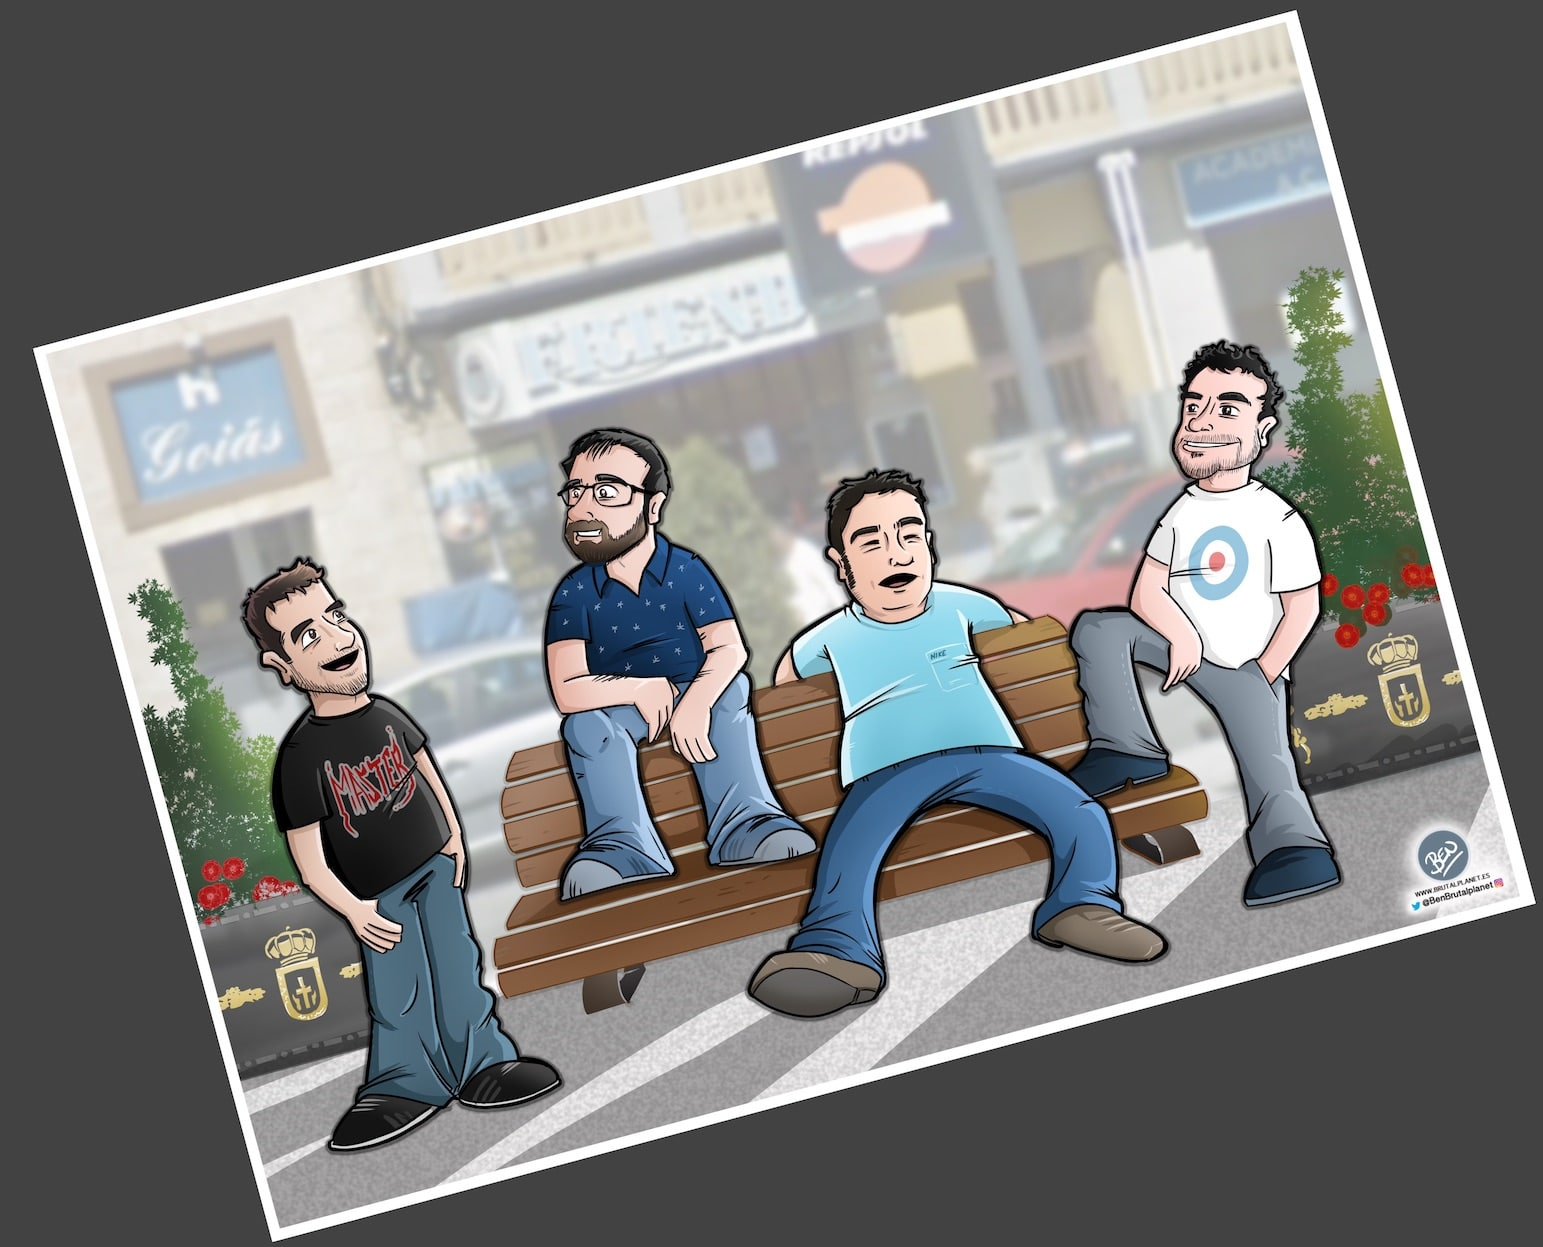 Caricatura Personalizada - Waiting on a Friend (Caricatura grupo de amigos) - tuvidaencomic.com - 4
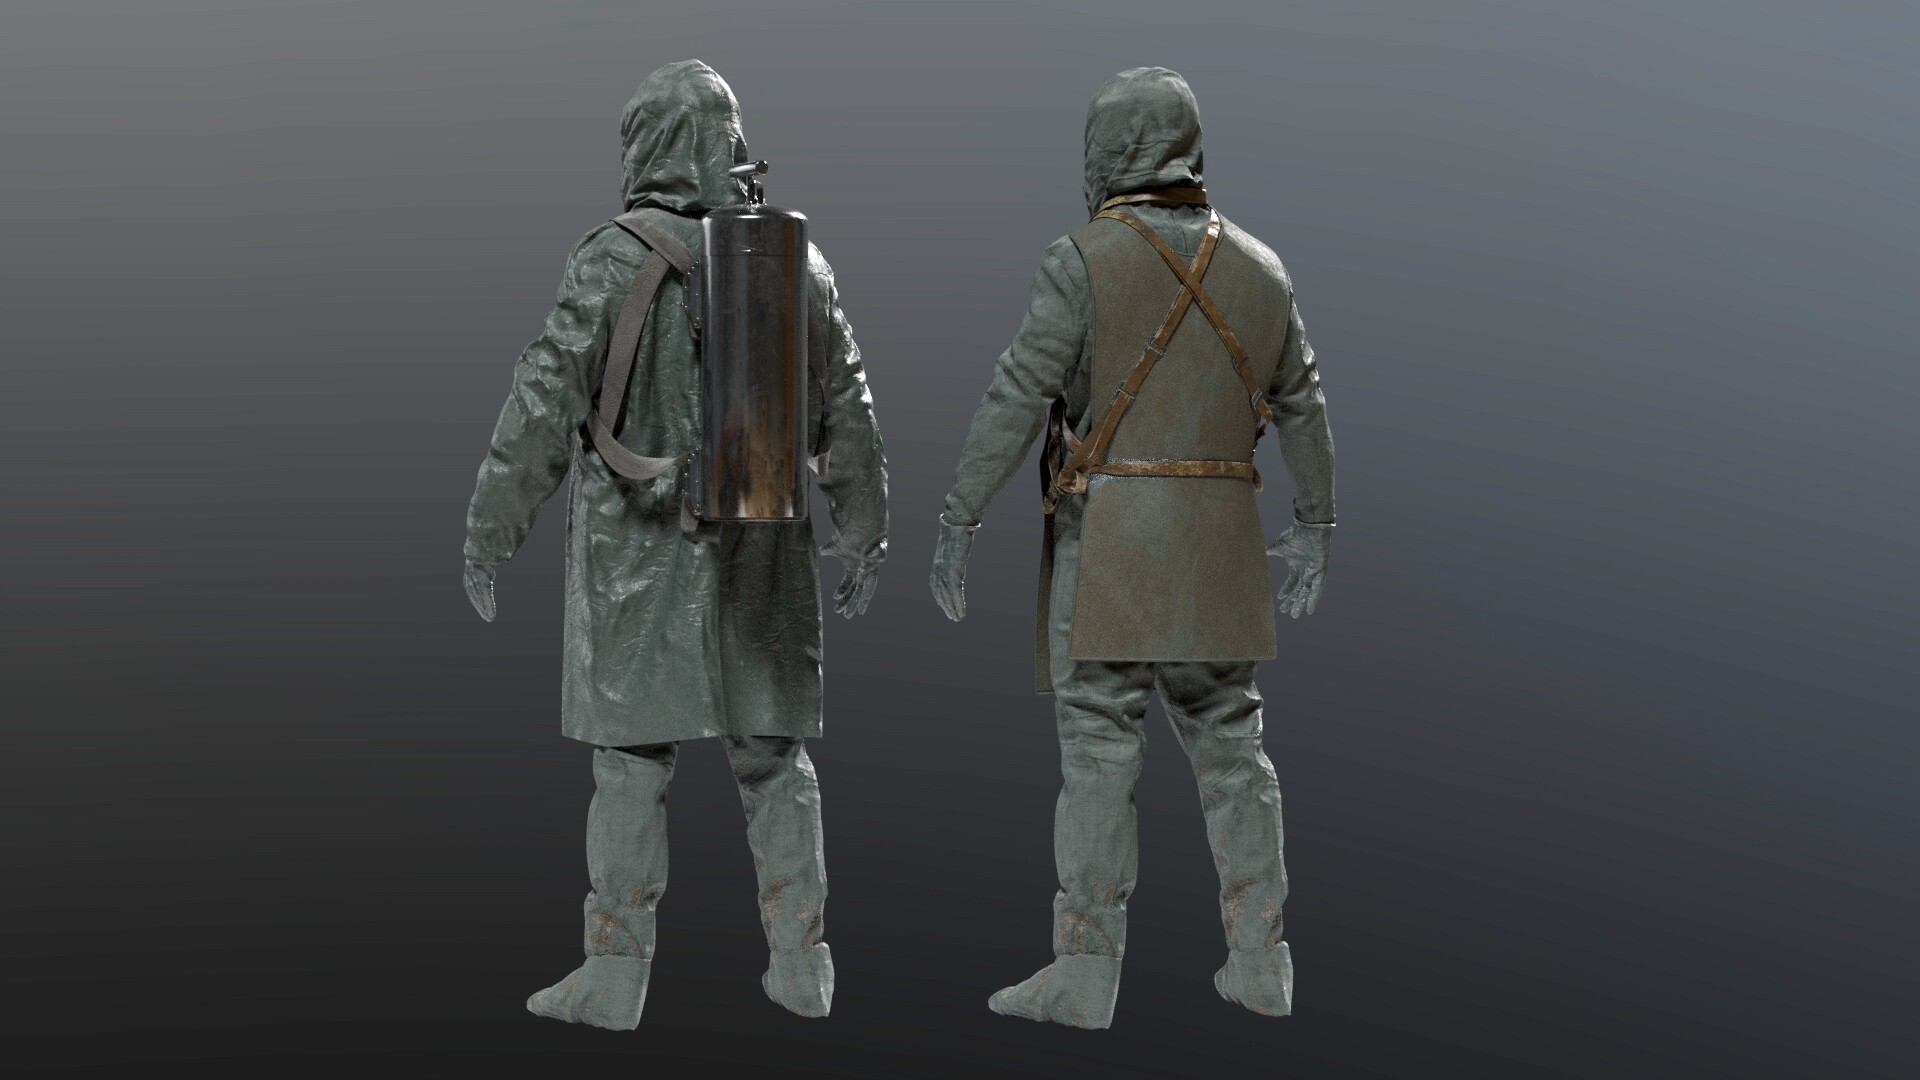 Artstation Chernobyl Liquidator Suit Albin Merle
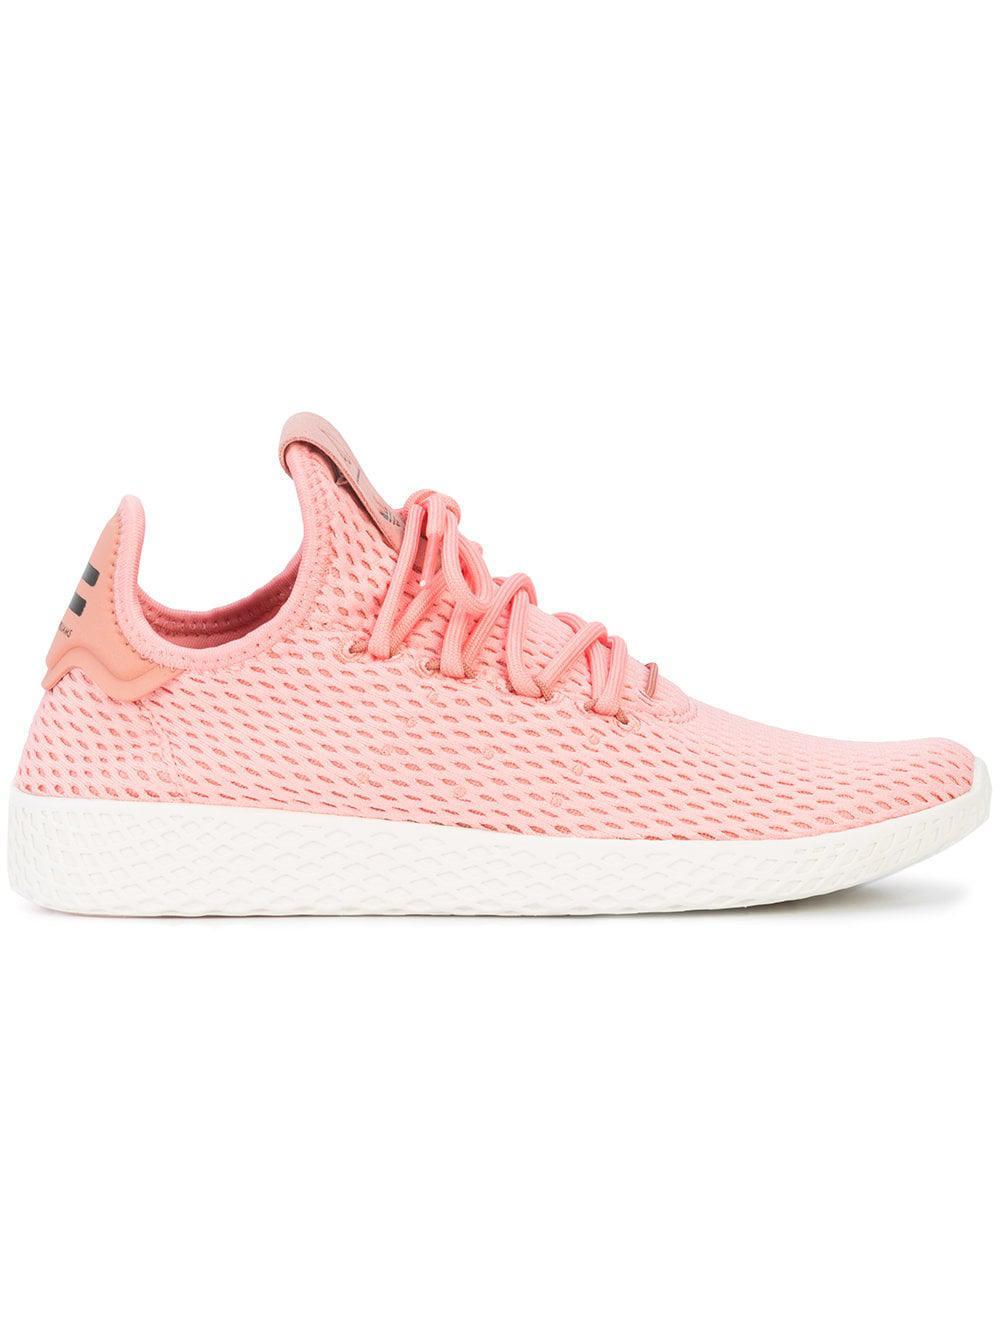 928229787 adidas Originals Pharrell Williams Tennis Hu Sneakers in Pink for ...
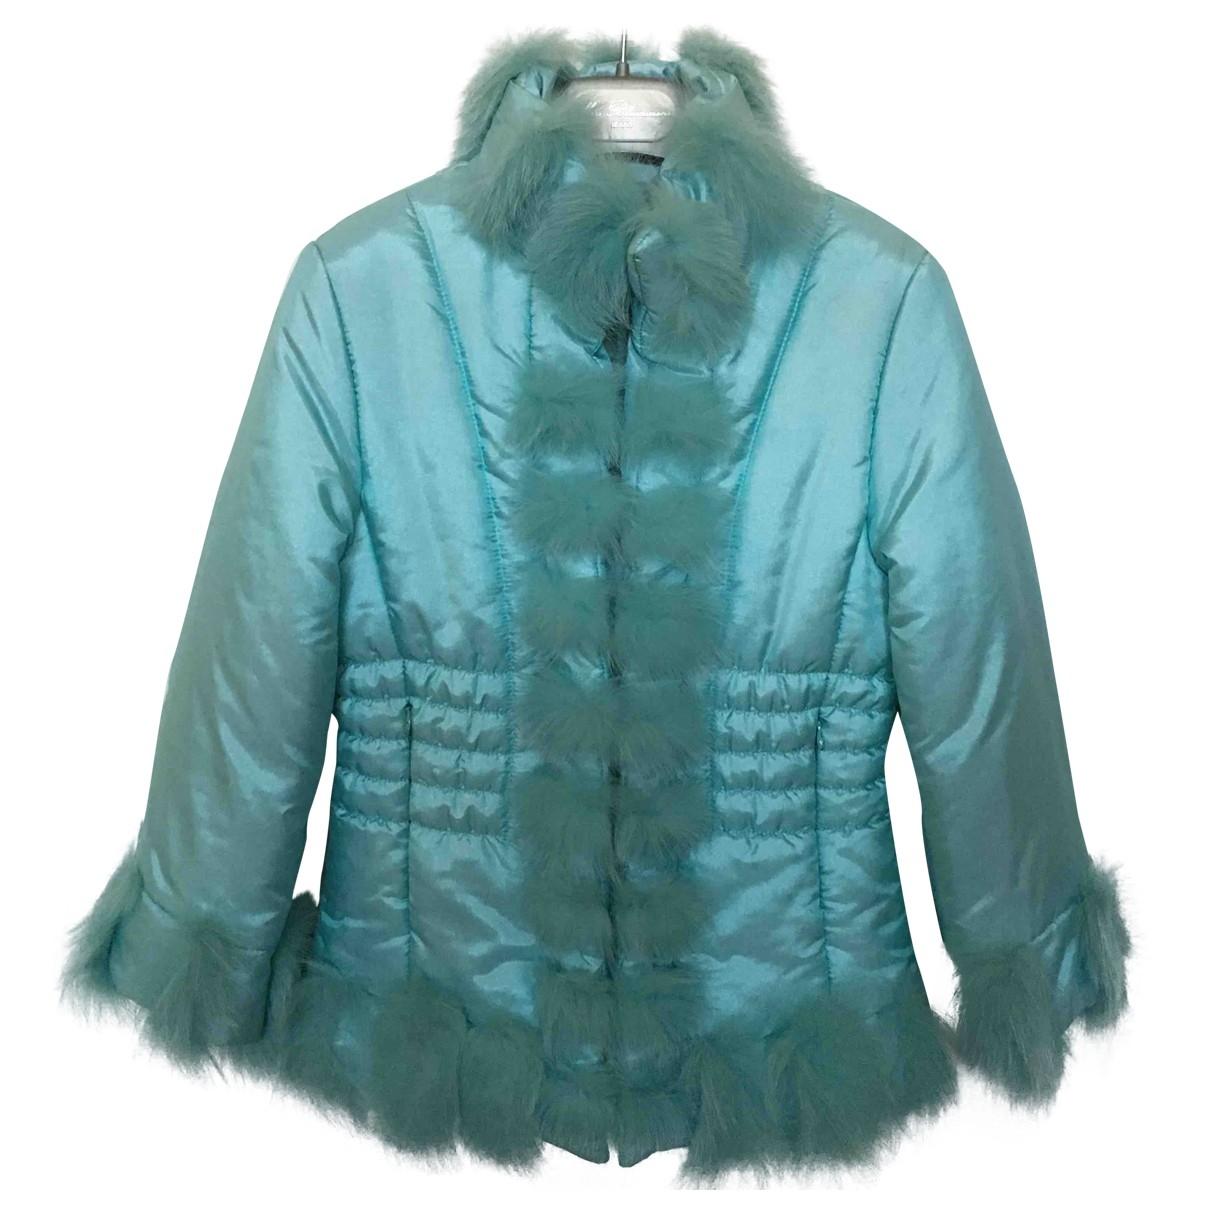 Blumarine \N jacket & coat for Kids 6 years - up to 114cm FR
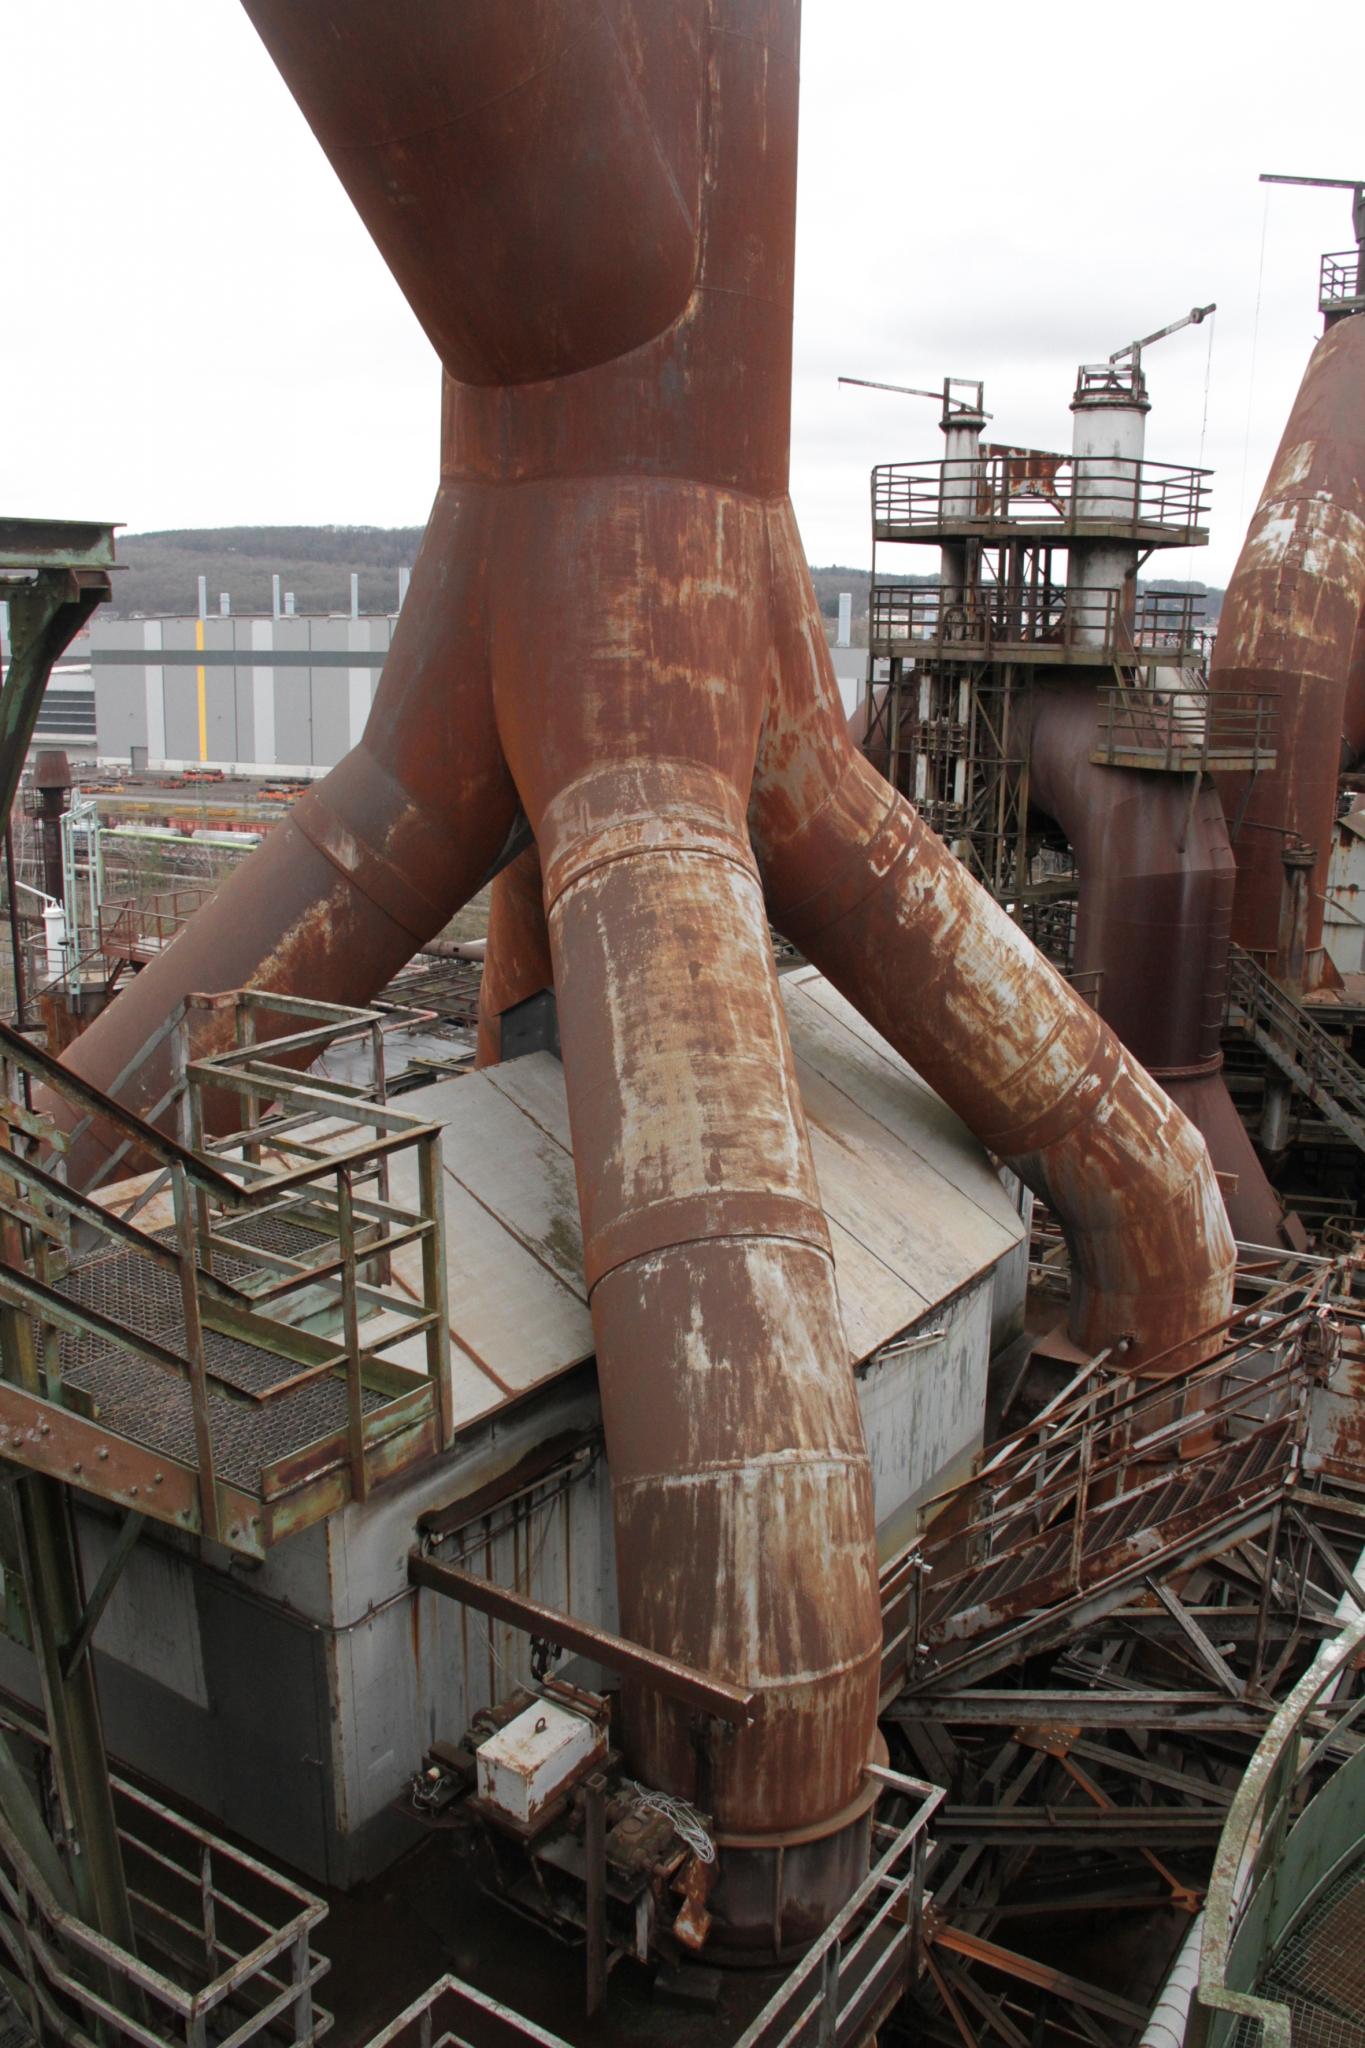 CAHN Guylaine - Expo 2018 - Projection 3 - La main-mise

**Problem**
In the data above, find the line containing "Artstation Chernobyl Liquidator", then output it and every later line exactly, without the pictures.

**Expected output**
 Artstation Chernobyl Liquidator Suit Albin Merle
 928229787 adidas Originals Pharrell Williams Tennis Hu Sneakers in Pink for ...
 Blumarine \N jacket & coat for Kids 6 years - up to 114cm FR
 CAHN Guylaine - Expo 2018 - Projection 3 - La main-mise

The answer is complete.